Delta Becomes the Industry’s Canary in a Coal Mine
It’s been three years since rumors first began leaking out of Atlanta that Delta was considering modifying their popular SkyMiles frequent flyer program from a “mileage-based” program to a “revenue-based” program. (“Popular?” you might ask, but what else would you call a program with 90 million members?) Over the three years, the topic leaked from internal communications and front-end employees and was blogged about from countless points of view. Although the topic was news for many, for Delta, this was not a new development.
It was in December 2002 that Delta sent its SkyMiles Medallion members a letter outlining the program’s revised qualifications for earning elite status. The letter stated that beginning January 2003, the program would “… better align loyalty benefits and rewards with the fares customers pay.” Again, this missive was sent to members in 2002. So it has been a long journey for SkyMiles that will culminate on Jan. 1, 2015, when the recently announced changes to the program will begin.
As it turns out, all of those recently who were announcing that a revenue-based program was coming were wrong—well, partially wrong—as you will soon read.
While there can be no doubt that the newly announced changes are revenue based (two words that put the fear into many a frequent flyer), there can also be no doubt that those in charge of SkyMiles have spent thousands of hours talking to SkyMiles members, listening to the airline’s leaders and casting an eye on the future of frequent flyer programs.
With this announcement from Delta, they seem to be reinforcing a new standard in the industry. But keep in mind that the new SkyMiles is not the same as Southwest Rapid Rewards’ newer program, which pioneered the move to a true revenue-based program among the larger legacy carriers here in the U.S.
Although the new SkyMiles might not mirror Southwest Rapid Rewards, it does seem oddly familiar (more on that later) and that’s what will make this work for Delta.
Delta is often an early indicator of trends that other airlines throughout the world will adopt two or more years in the future. Delta’s actions, like their refinery purchase, revenue-nuanced elite qualification rules and global acquisitions like that of Virgin Atlantic, are some examples. And let’s not forget that Delta pioneered non-expiring frequent flyer miles.
Sticking with the notion that Delta is indeed an early indicator of trends, doesn’t that make it something of a canary in a coal mine? And that can, of course, be a good thing or a bad thing.
It is easy to notice that the announced alterations to the SkyMiles program are much more than simple changes to the mileage earning structure.
The program is also adopting some of the more popular benefits currently offered by other programs such as one-way awards, the introduction of miles plus money options and what the airline says are improvements to the delta.com award booking tools.
Earning by revenue shouldn’t come as a surprise to members given that Delta has been a bit stealthy in pre-introducing this revenue-based wrinkle by adding a revenue requirement to the qualifying requirements of their elite status Medallion program.

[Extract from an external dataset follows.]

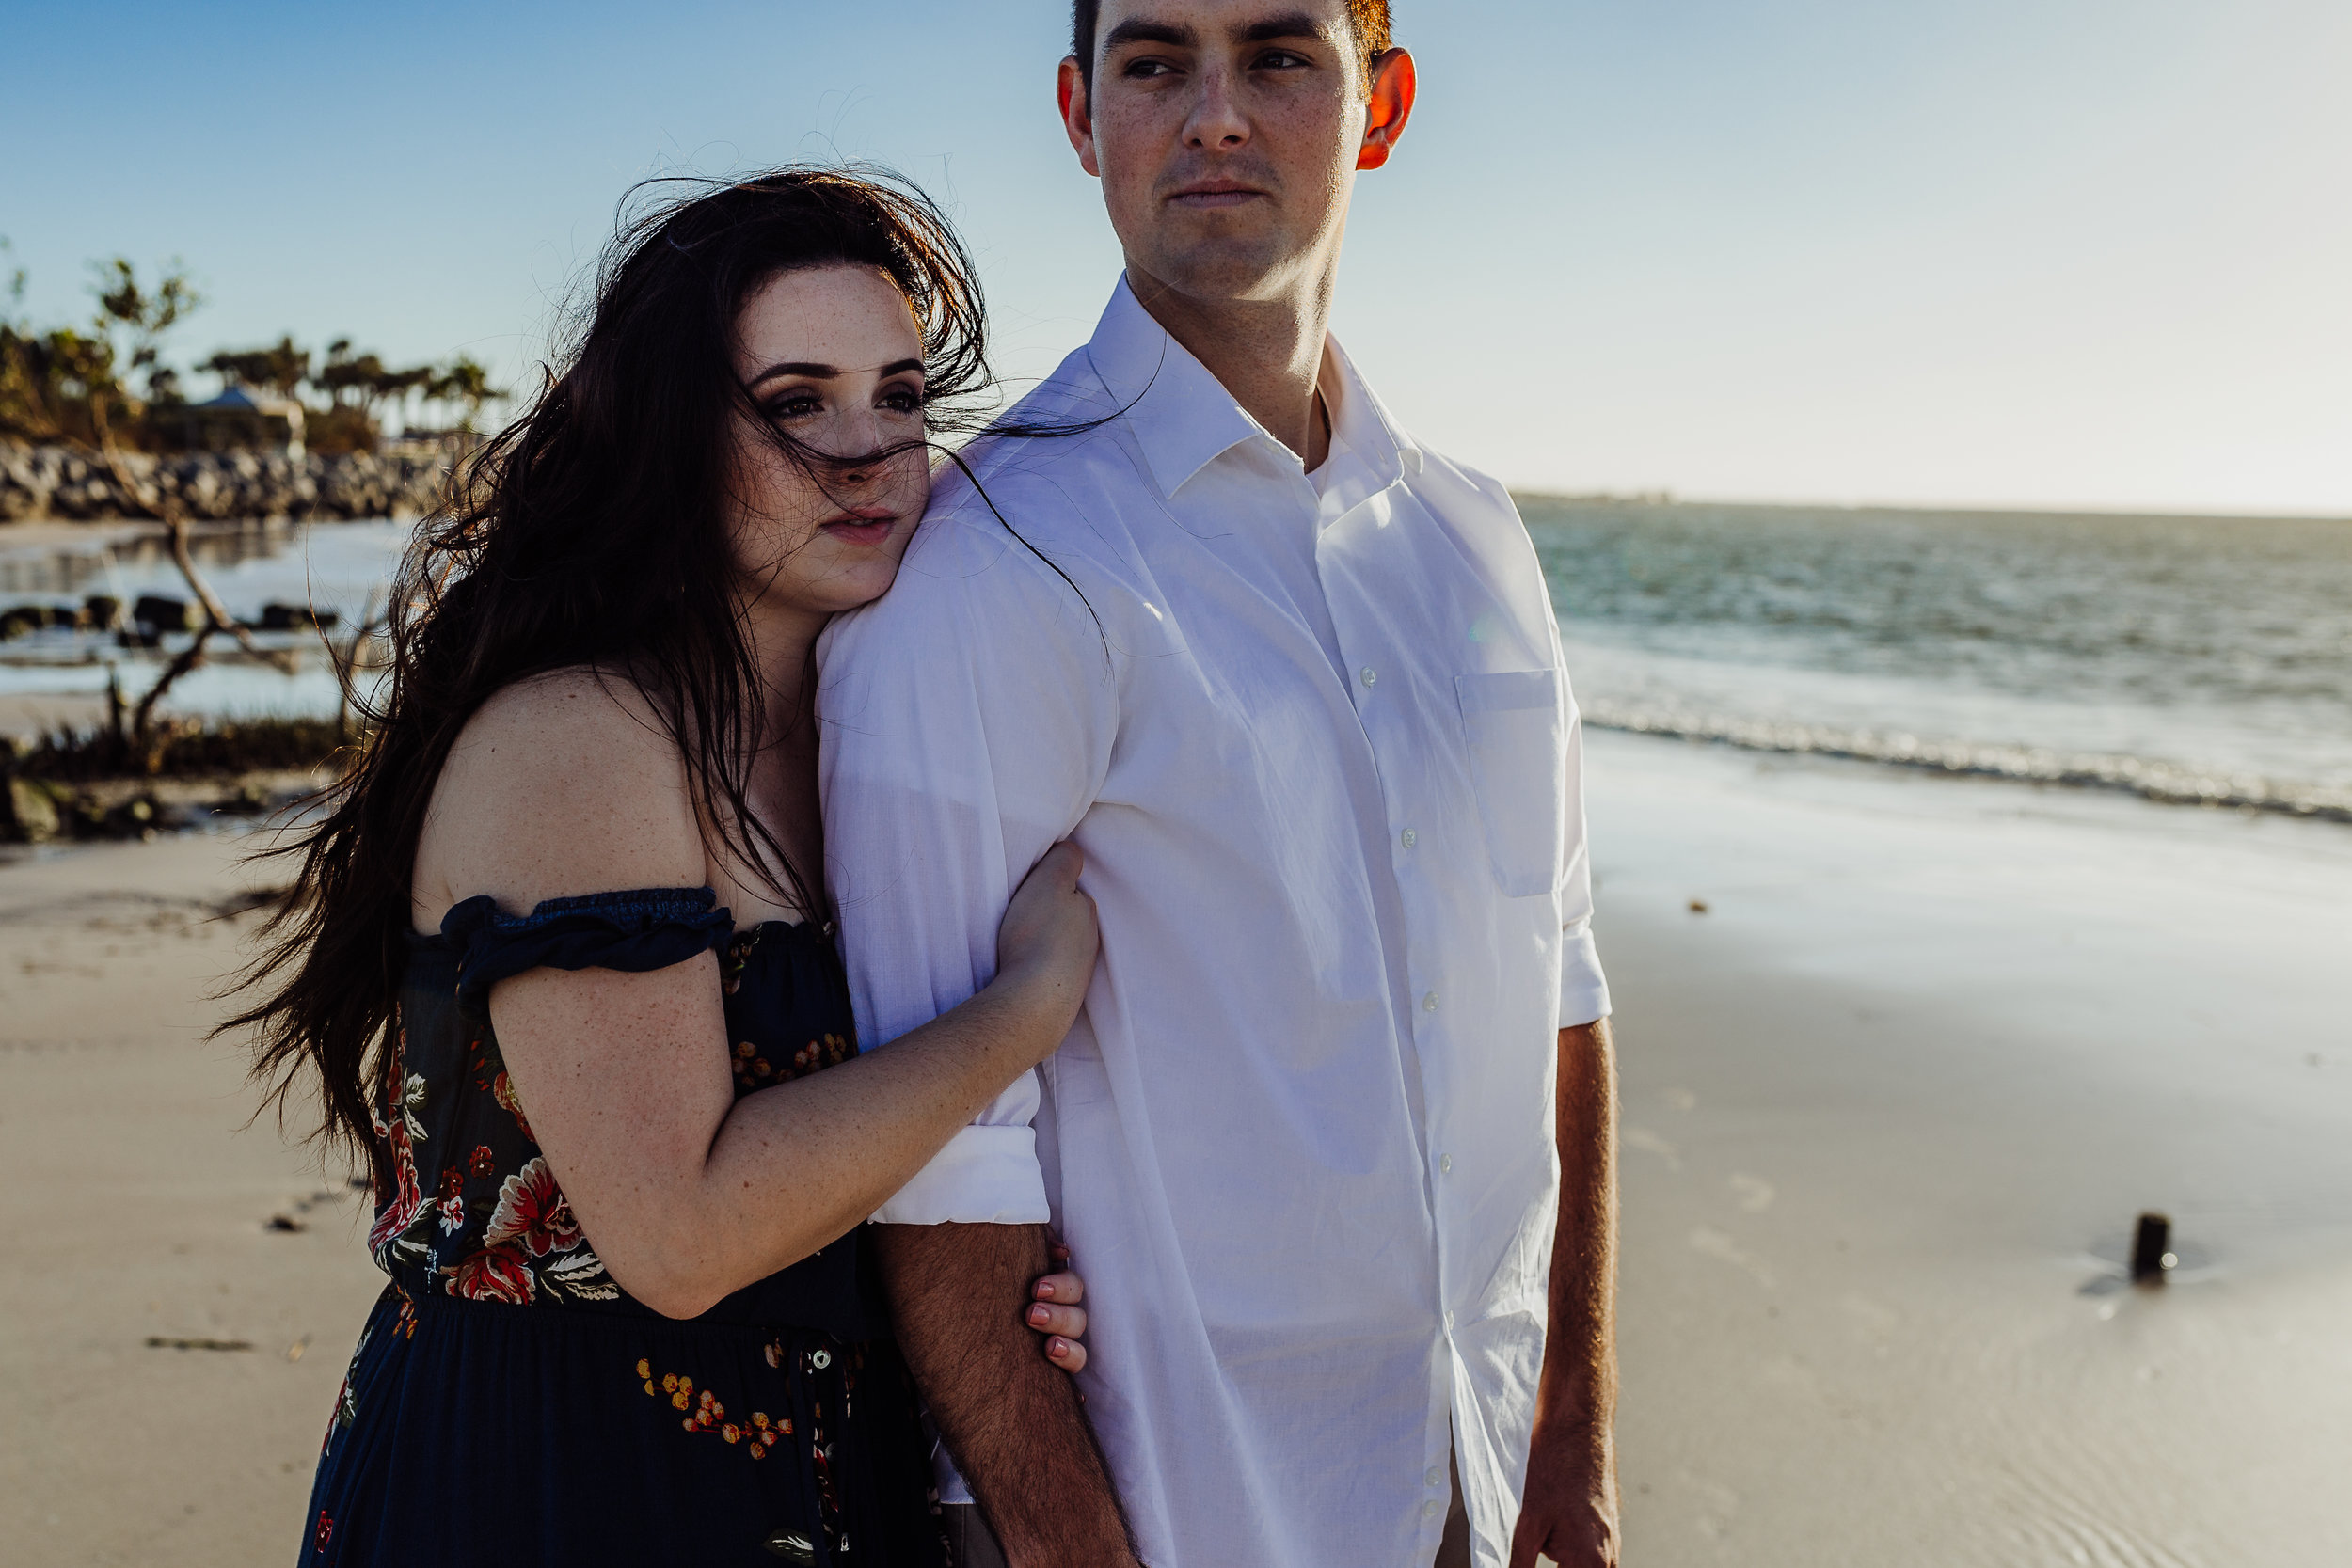 Daytona Beach engagement photographer shot in Ponce Inlet, Fl styled with a floral Sophie and Trey maxi dress

At first glance, one of the changes to the program is the complication of a simple process—that of award redemption. When Southwest introduced the new Rapid Rewards program, they introduced not only a spend-based accrual model for earning points, but also a cost-based redemption model.
Delta is not going the straight route that Southwest adopted but instead has adopted a familiar enhanced tier structure for award redemption. Familiar? Yes, the new Delta award flight structure almost exactly replicates award tiers that travelers have used for years when spending points in major hotel loyalty programs. In Delta’s version, SkyMiles now has a five-tier award flight structure, up from their current three-tier structure for domestic flight awards.
Delta has for some time now clearly established itself as a leader and was recently named 2014 Airline of the Year by Air Transport World magazine—the first time in a decade that a North American carrier has earned the distinction.
By way of measurement, United last won this award in 1974. And while former American Airlines CEO Bob Crandall hasn’t been all that complimentary regarding Delta’s decision to purchase an oil refinery in order to try to control fuel prices, their decision to purchase a near majority share of Virgin Atlantic shows some promise. The move reiterates their original Atlantic Excellence alliance, which lasted less than two years with partners Swissair, Sabena and Austrian Airlines, and holds out much more promise than just their membership in the SkyTeam alliance.
Chances are these decisions, and the ability to make work what others haven’t been able to make work, are why CEO Richard Anderson and the Coca-Cola-loving team in Atlanta are on a roll. Certainly their one-year trailing stock price performance leads all the major airlines. So, it would seem that this decision fits into the path that Delta has chosen for the airline and its customers.
With these recent announcements, Delta becomes the first U.S. global carrier to transition its frequent flyer program from accruing redeemable miles based on the distance the customer flies to one where a customer accrues redeemable miles based on the price of the ticket purchased—but there’s more to this than that.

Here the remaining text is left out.